***** Dataset records

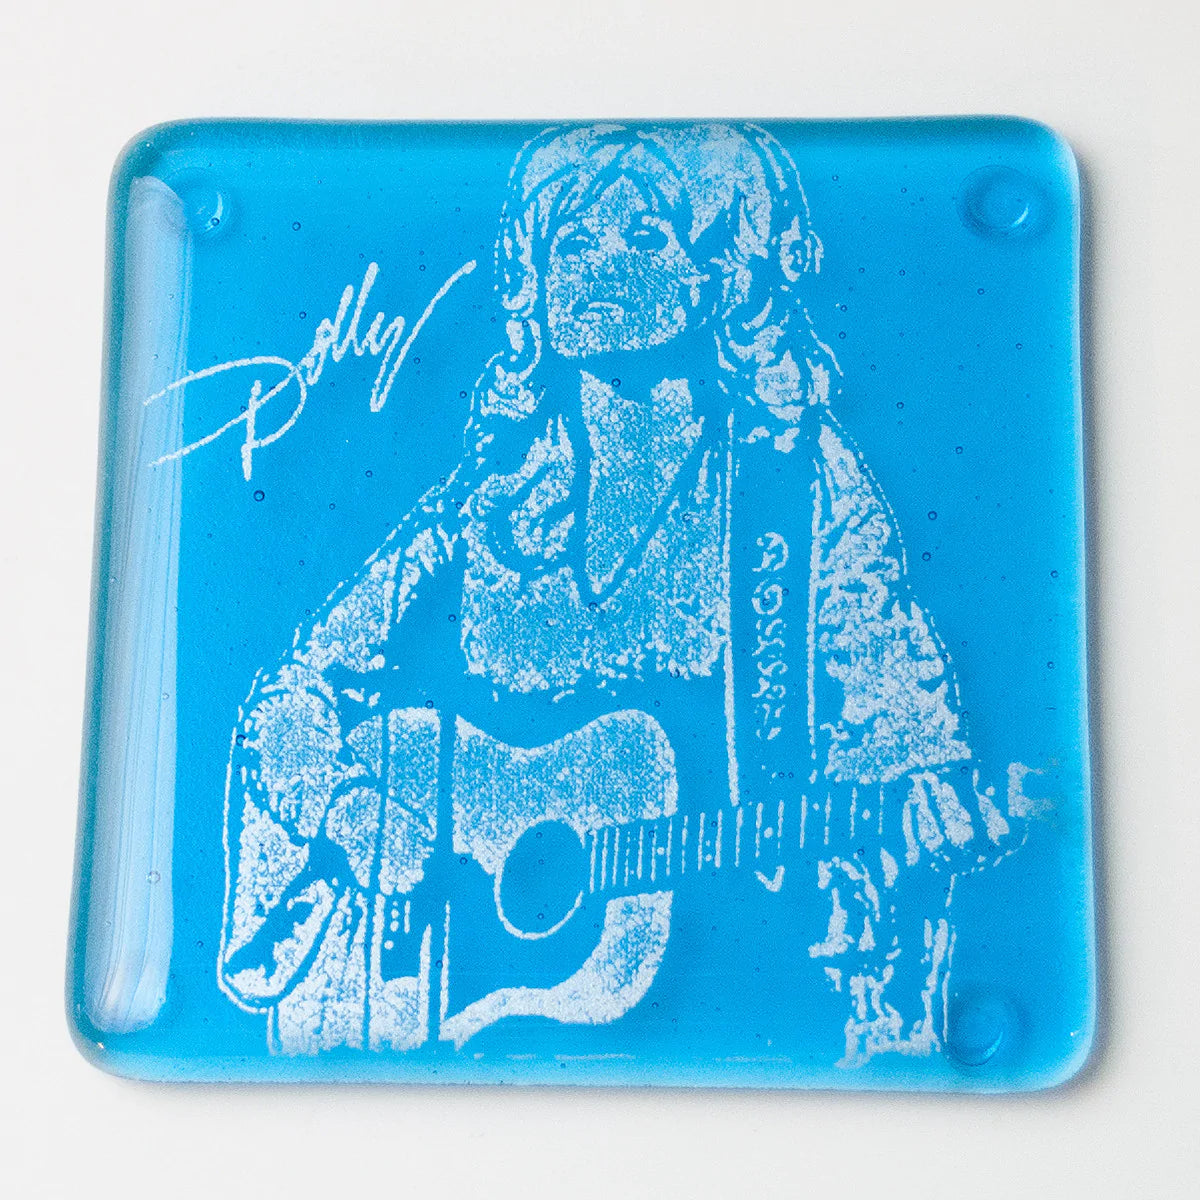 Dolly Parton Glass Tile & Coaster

**********
***** Dataset records

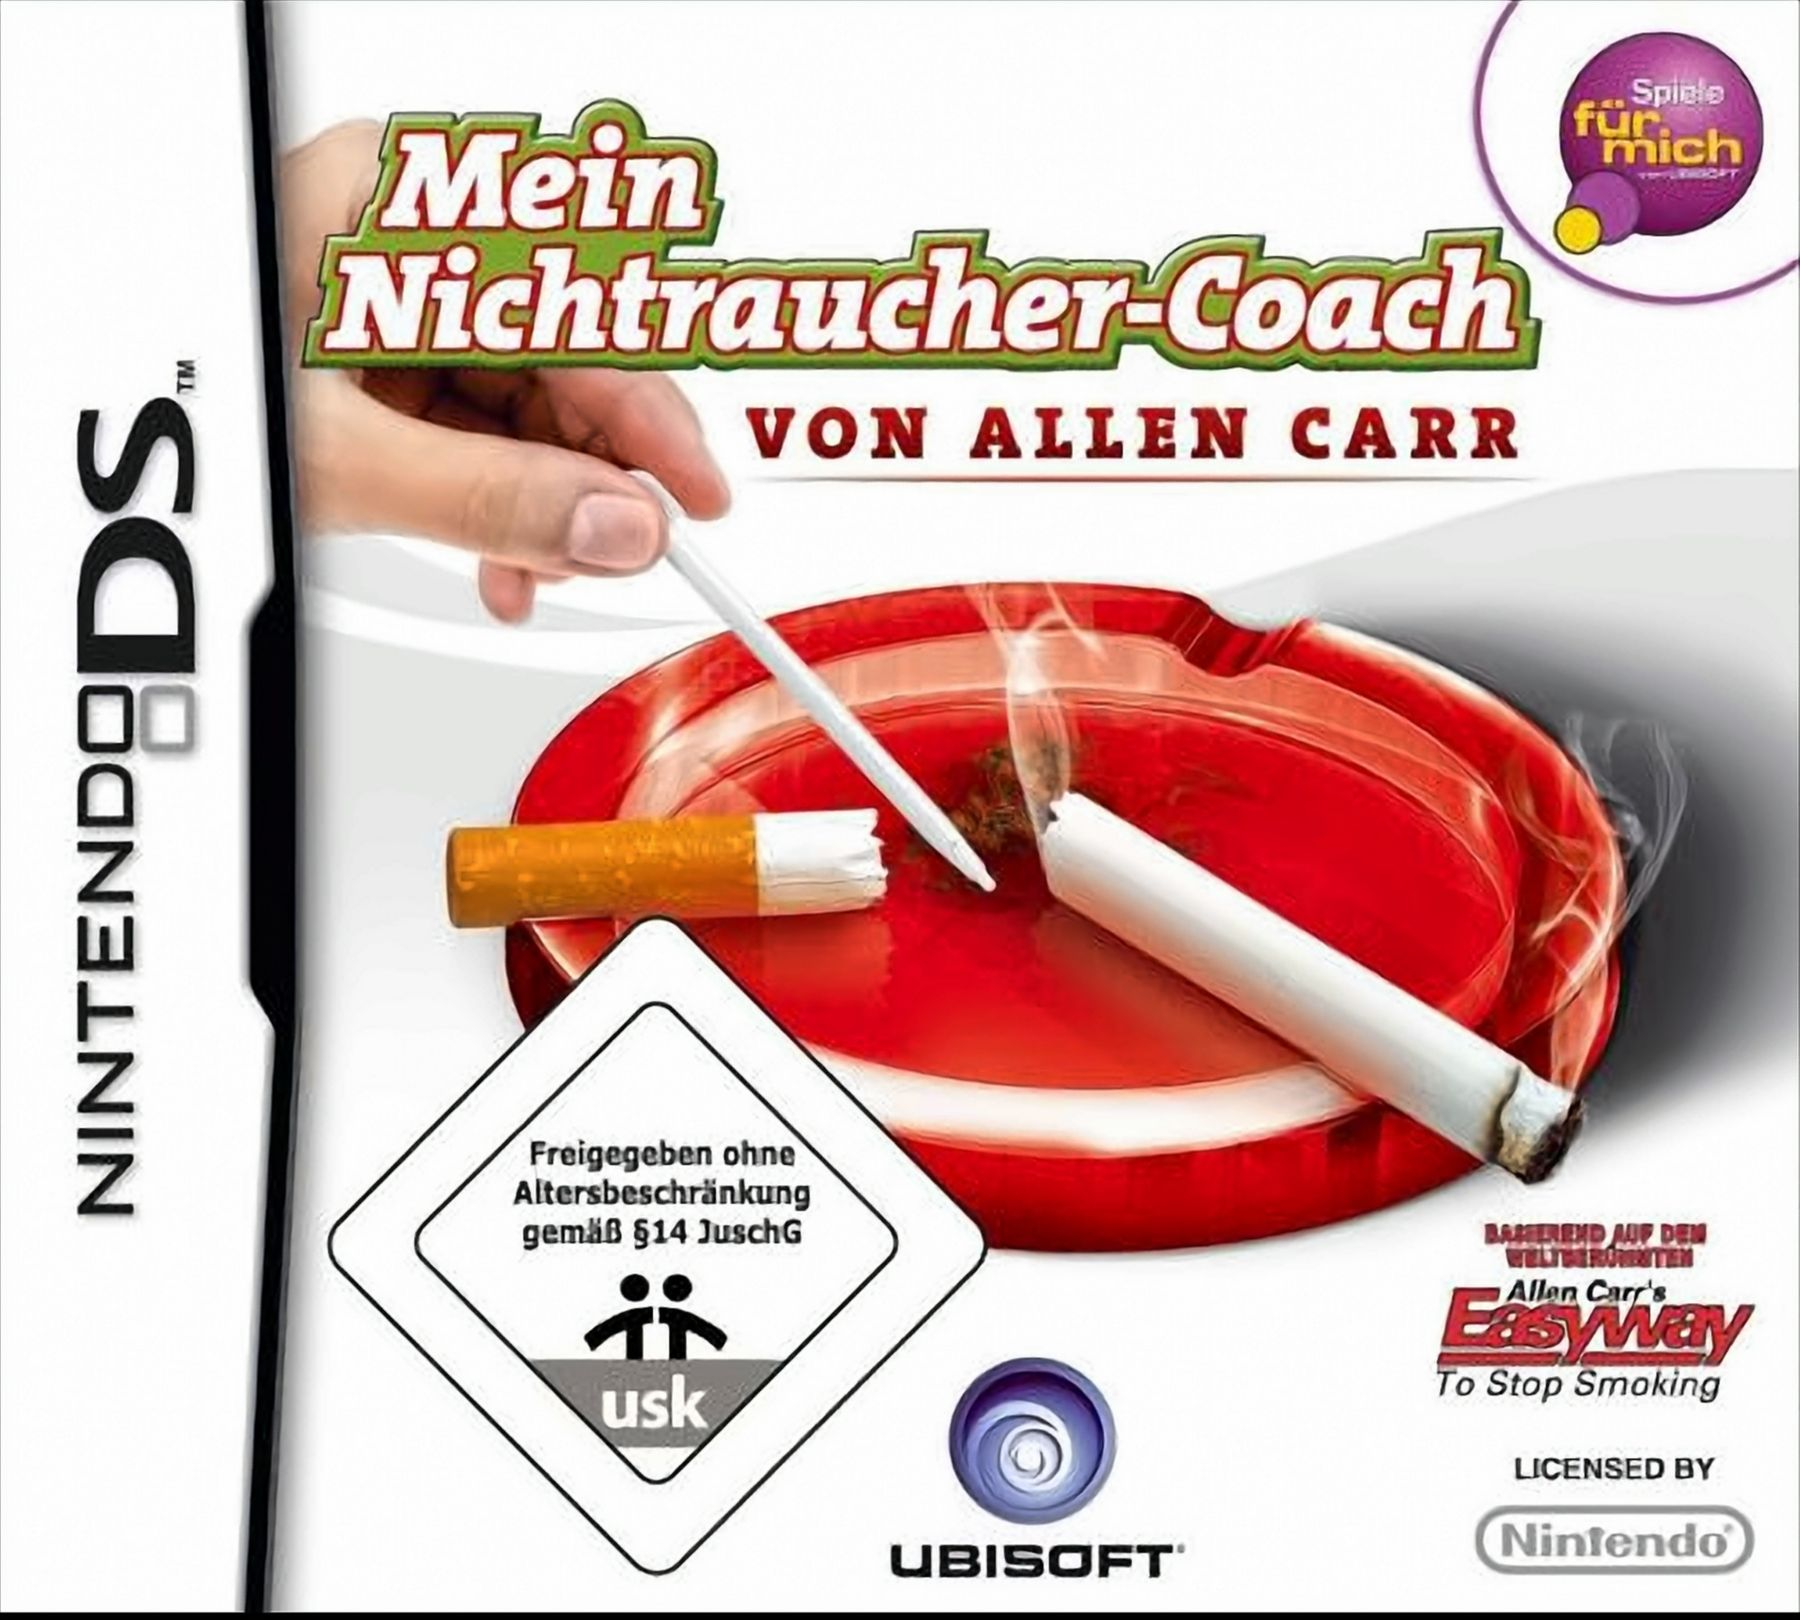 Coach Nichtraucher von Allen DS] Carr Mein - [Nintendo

**********
***** Dataset records

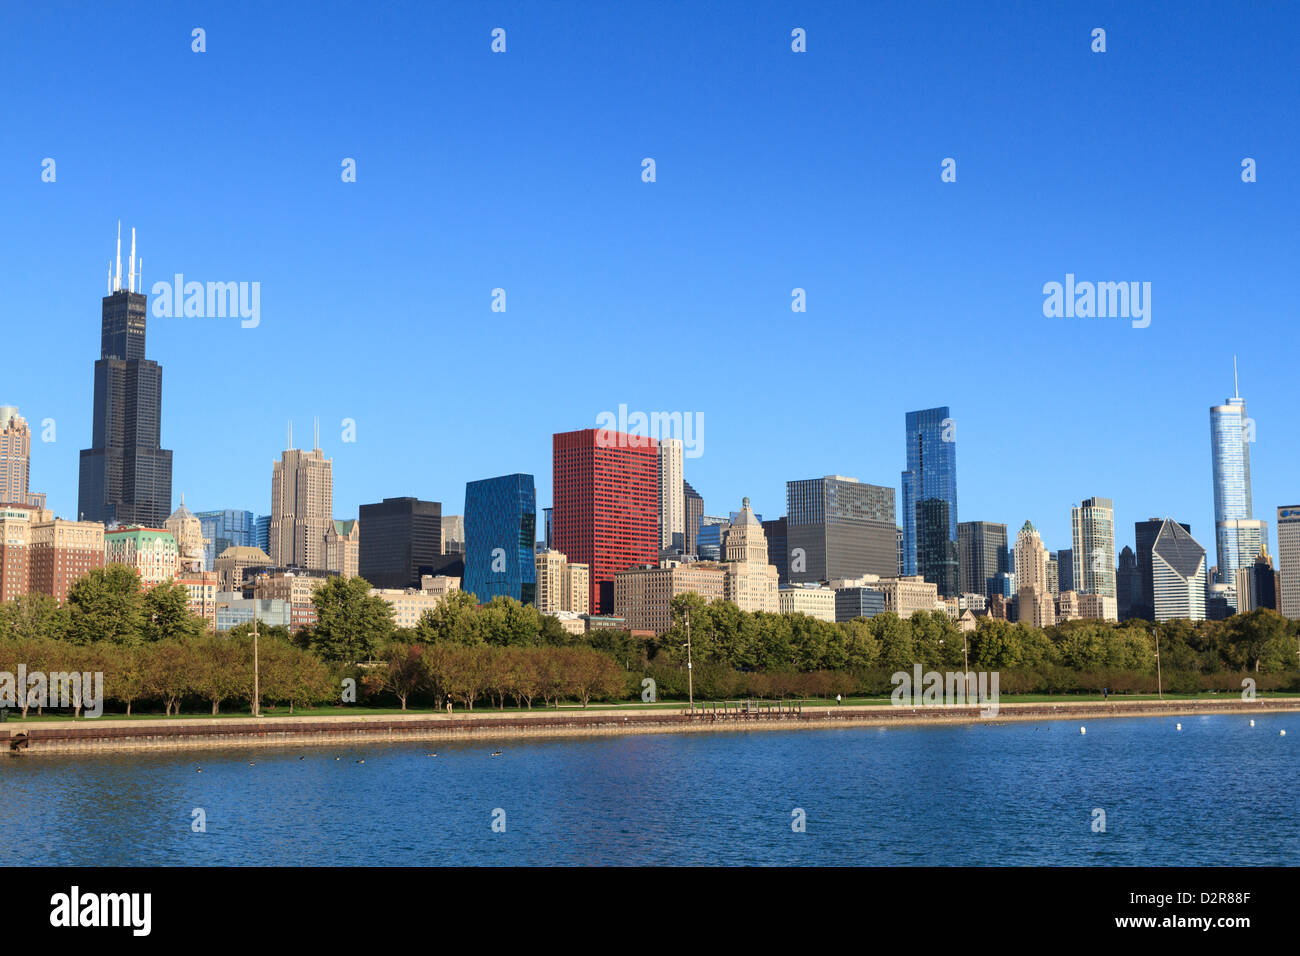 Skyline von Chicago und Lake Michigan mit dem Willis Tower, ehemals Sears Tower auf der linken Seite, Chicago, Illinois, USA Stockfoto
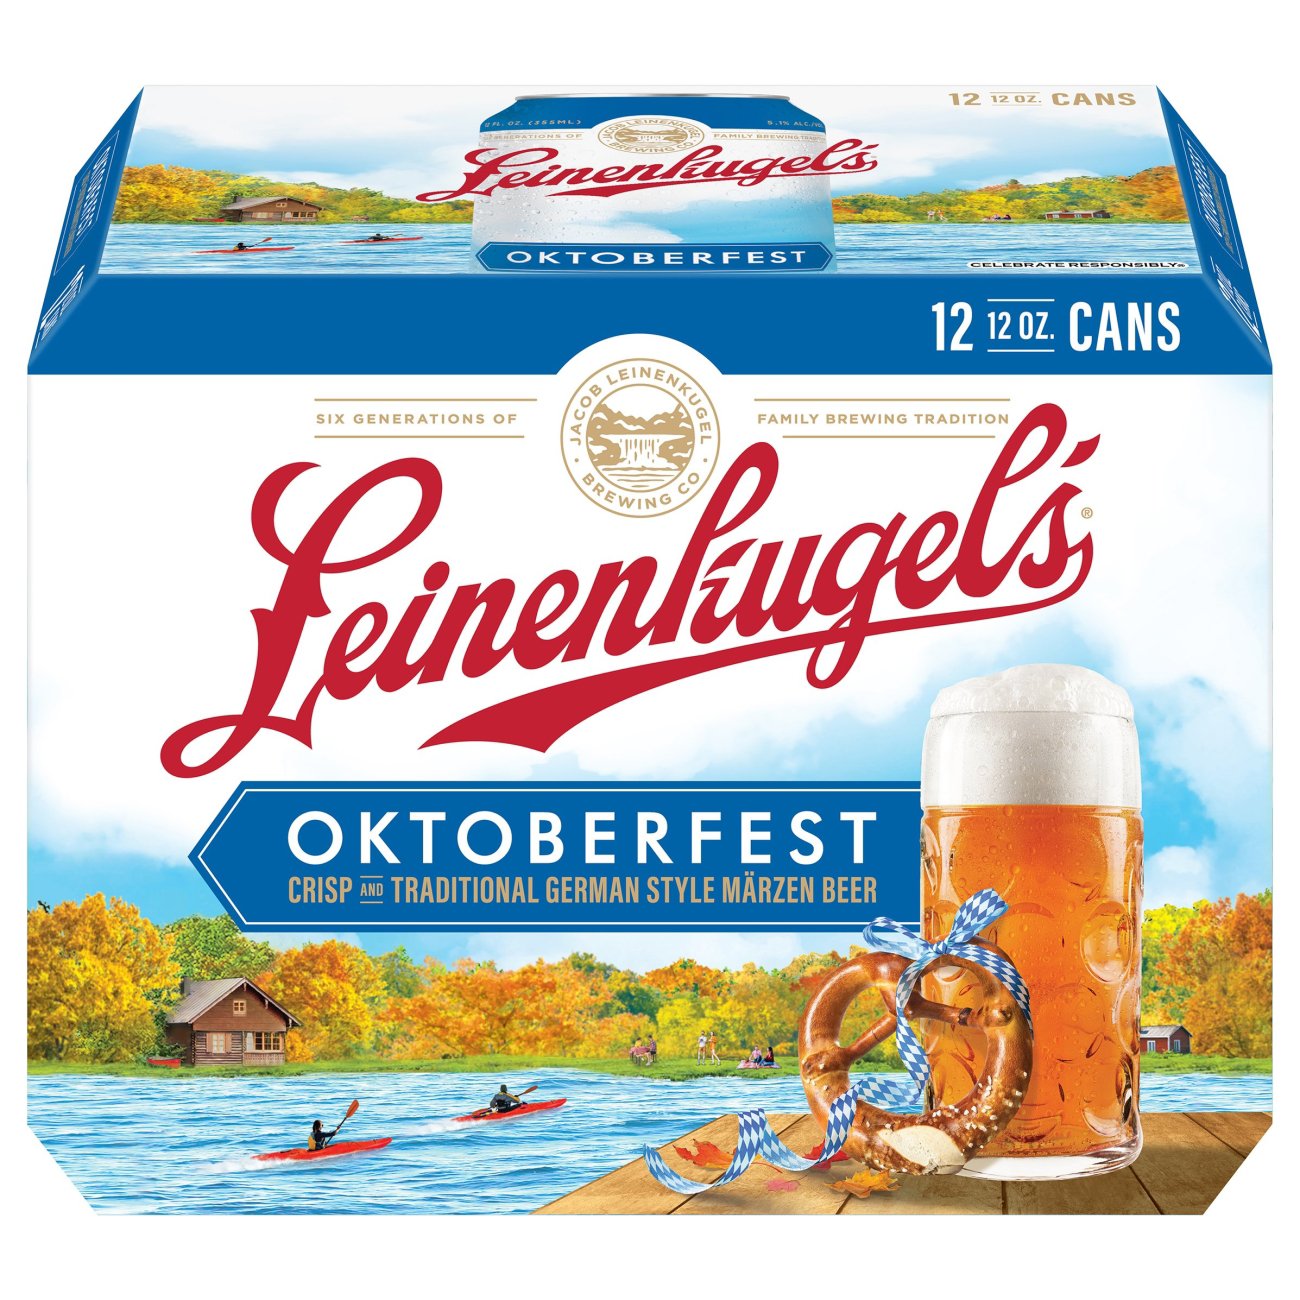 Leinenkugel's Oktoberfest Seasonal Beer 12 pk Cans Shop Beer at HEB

**********

(Exercise brief) Copy the entries above exactly, but only the stretch from the line containing "Skyline von Chicago" through the line containing "Leinenkugel's Oktoberfest Seasonal". Keep both end lines; drop the pictures.

(Answer space)
 Skyline von Chicago und Lake Michigan mit dem Willis Tower, ehemals Sears Tower auf der linken Seite, Chicago, Illinois, USA Stockfoto
 Leinenkugel's Oktoberfest Seasonal Beer 12 pk Cans Shop Beer at HEB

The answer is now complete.